The checksums for the metadata and file data are encrypted with the same symmetric key to prevent guesses/comparison
about the contents of the encrypted data. This encryption provides a protection about bit-flip attacks on the AES-CBC
encrypted data - but it is only detected after encrypting the data using the private key.


Used Algorithms and Hashes
--------------------------

The used encryption is strong and well established:

- For the key pairs, RSA 4096 keys are used.
- The symmetric key is encrypted using the RSA public key, using OAEP.
- For the actual data encryption, AES-256/CBC is used.
- An SHA3-512 digest are used to verify the integrity of the metadata and data.
- The metadata, data and the digests are encrypted, each with a random IV.
- The file digest is not encrypted to easily check for data corruption.

File Sizes
----------

By design, the format was made for files in a range of megabytes up to several terabytes.

Encrypting a large amount of small files generates lots of additional data. In these cases, consider collecting these
files into a container (e.g. ZIP container) first, then encrypt this container.

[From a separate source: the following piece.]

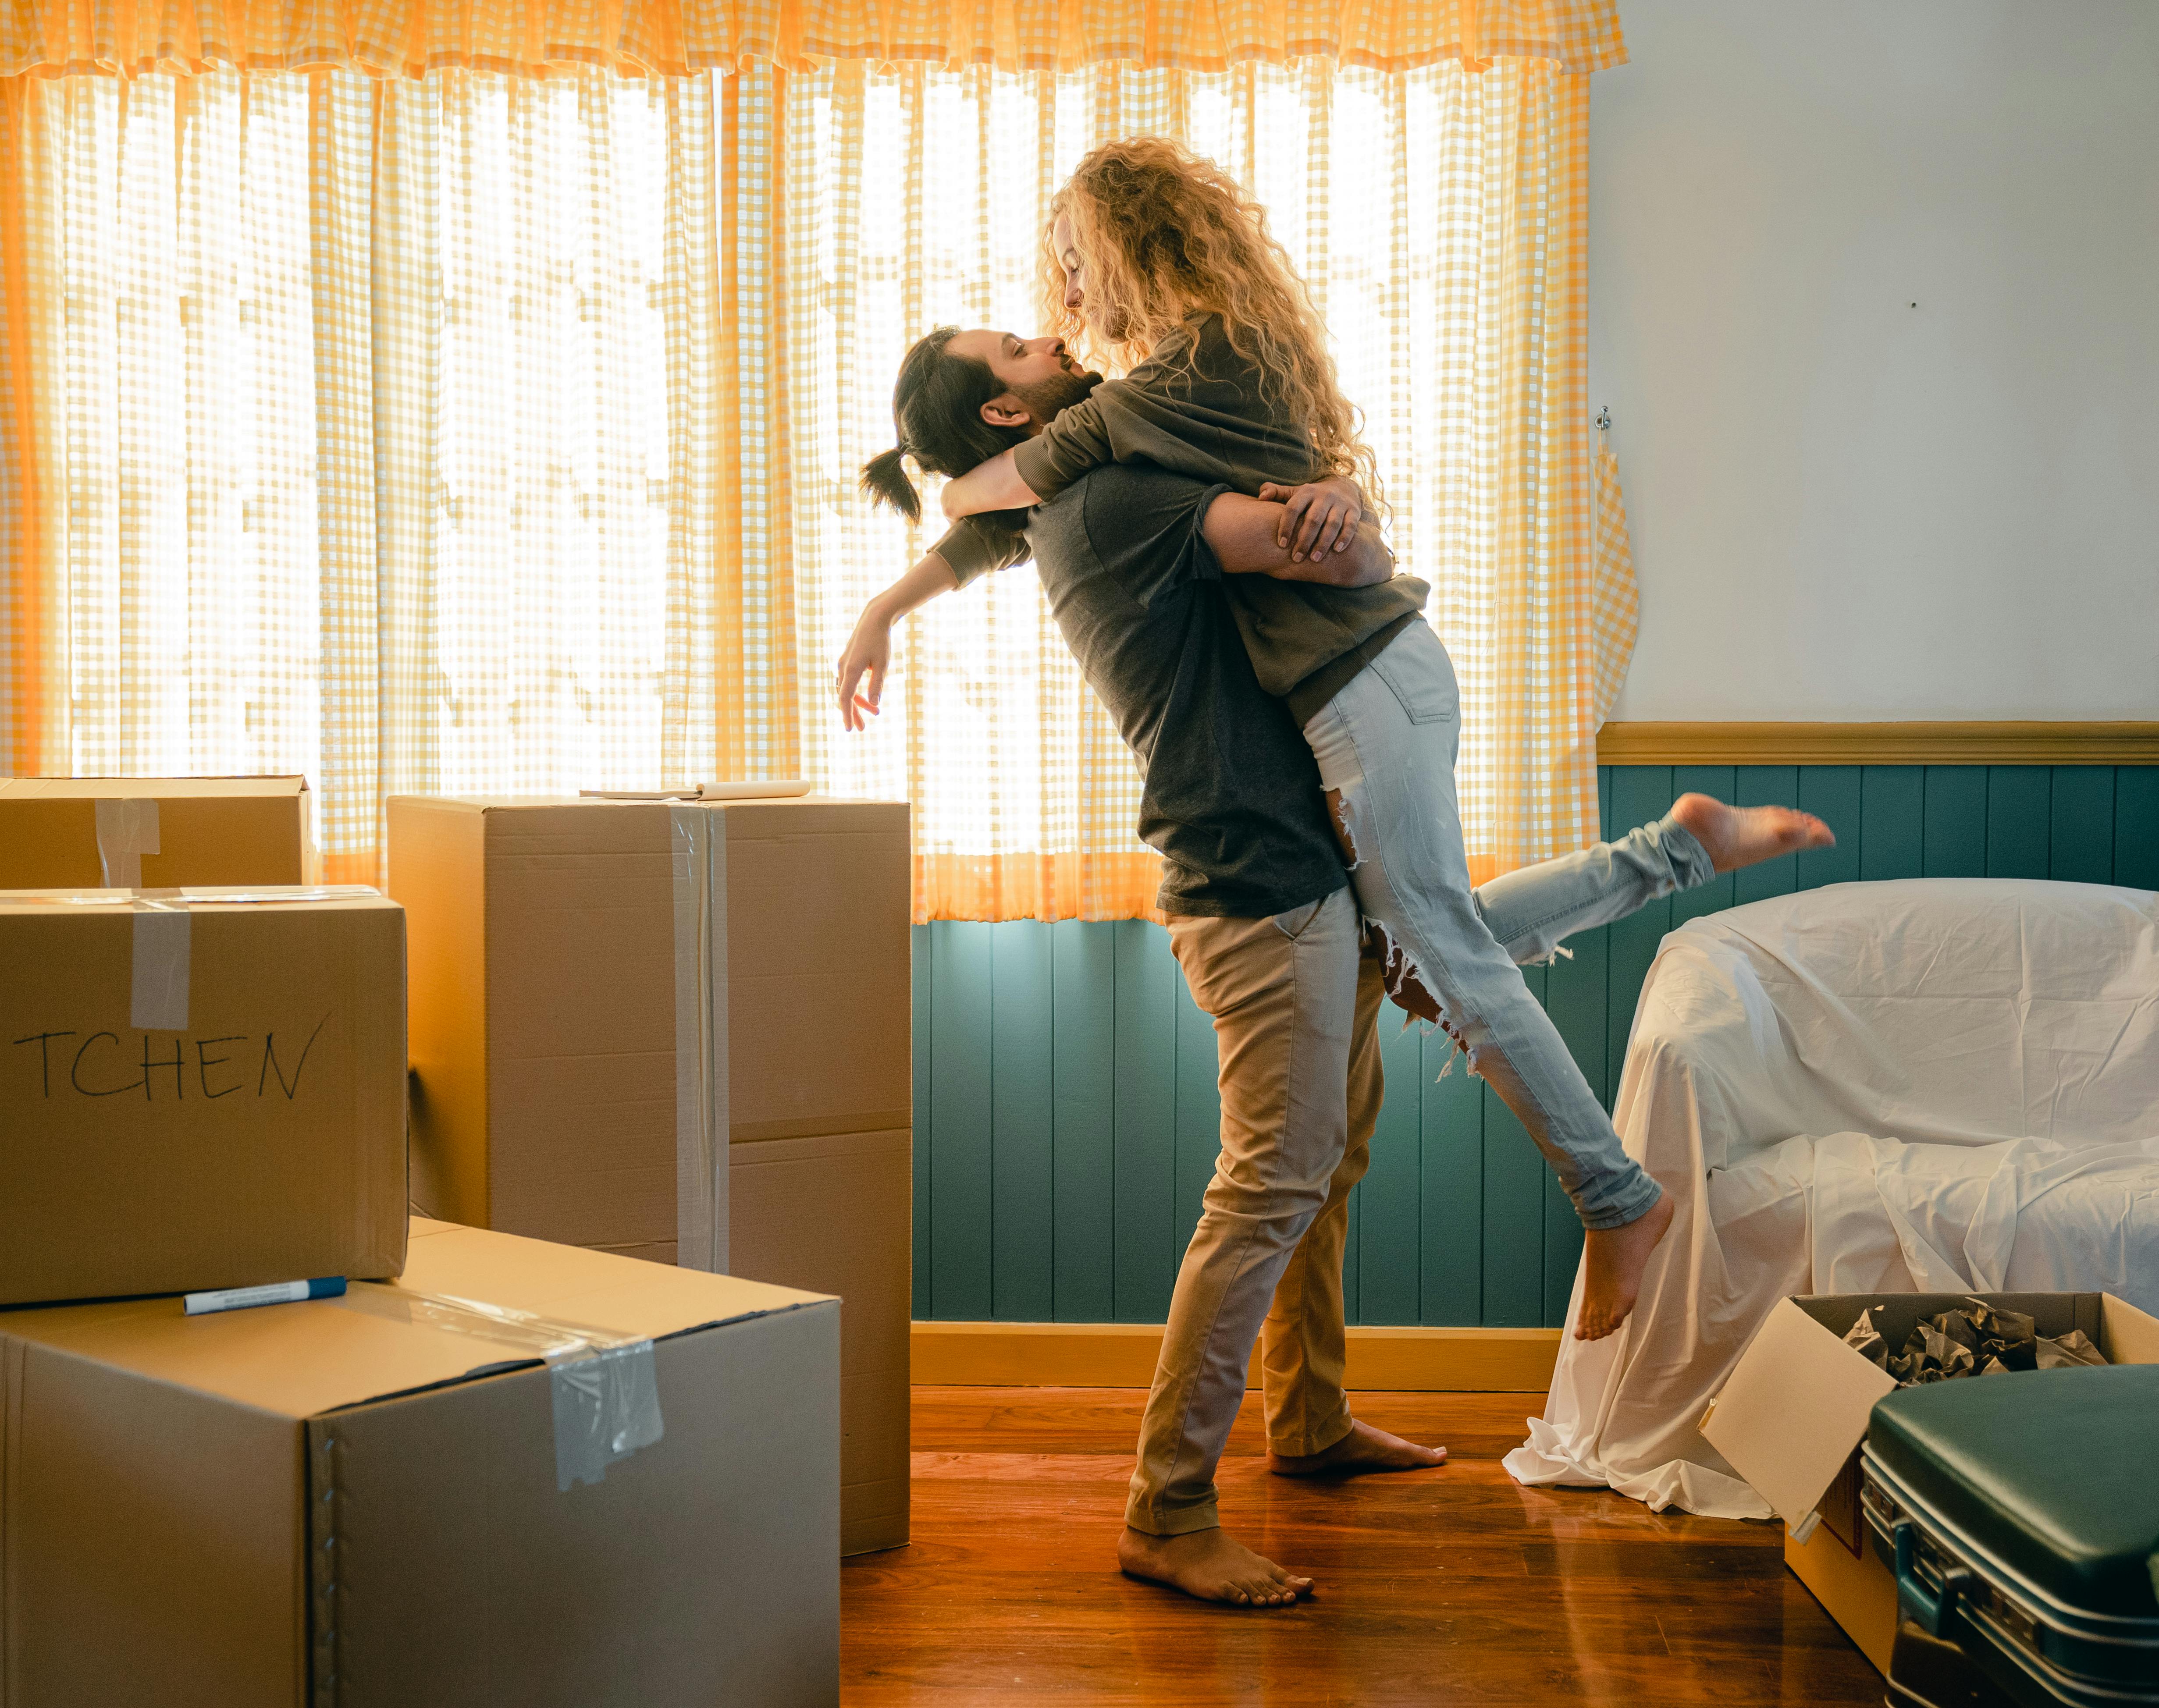 Couple moves into their new home | Source: Pexels

Files up to 10 TB should prove no problem, as the used AES-256/CBC encryption is efficient and fast.

There is an *arbitrary limit* for files greater than 10 TB. This limit is set to have a reasonable limit to verify the
file integrity.


File Format
-----------

The file format is documented in the file `Format.md`.


Sources
-------

All sources are available here: https://github.com/educateitgmbh/fast-file-encryption


License
-------

Copyright 2021 by Tobias Erbsland @ EducateIT GmbH

Licensed under the Apache License, Version 2.0 (the "License"); you may not use this file except in compliance with the
License. You may obtain a copy of the License at

http://www.apache.org/licenses/LICENSE-2.0

Unless required by applicable law or agreed to in writing, software distributed under the License is distributed on an "
AS IS" BASIS, WITHOUT WARRANTIES OR CONDITIONS OF ANY KIND, either express or implied. See the License for the specific
language governing permissions and limitations under the License.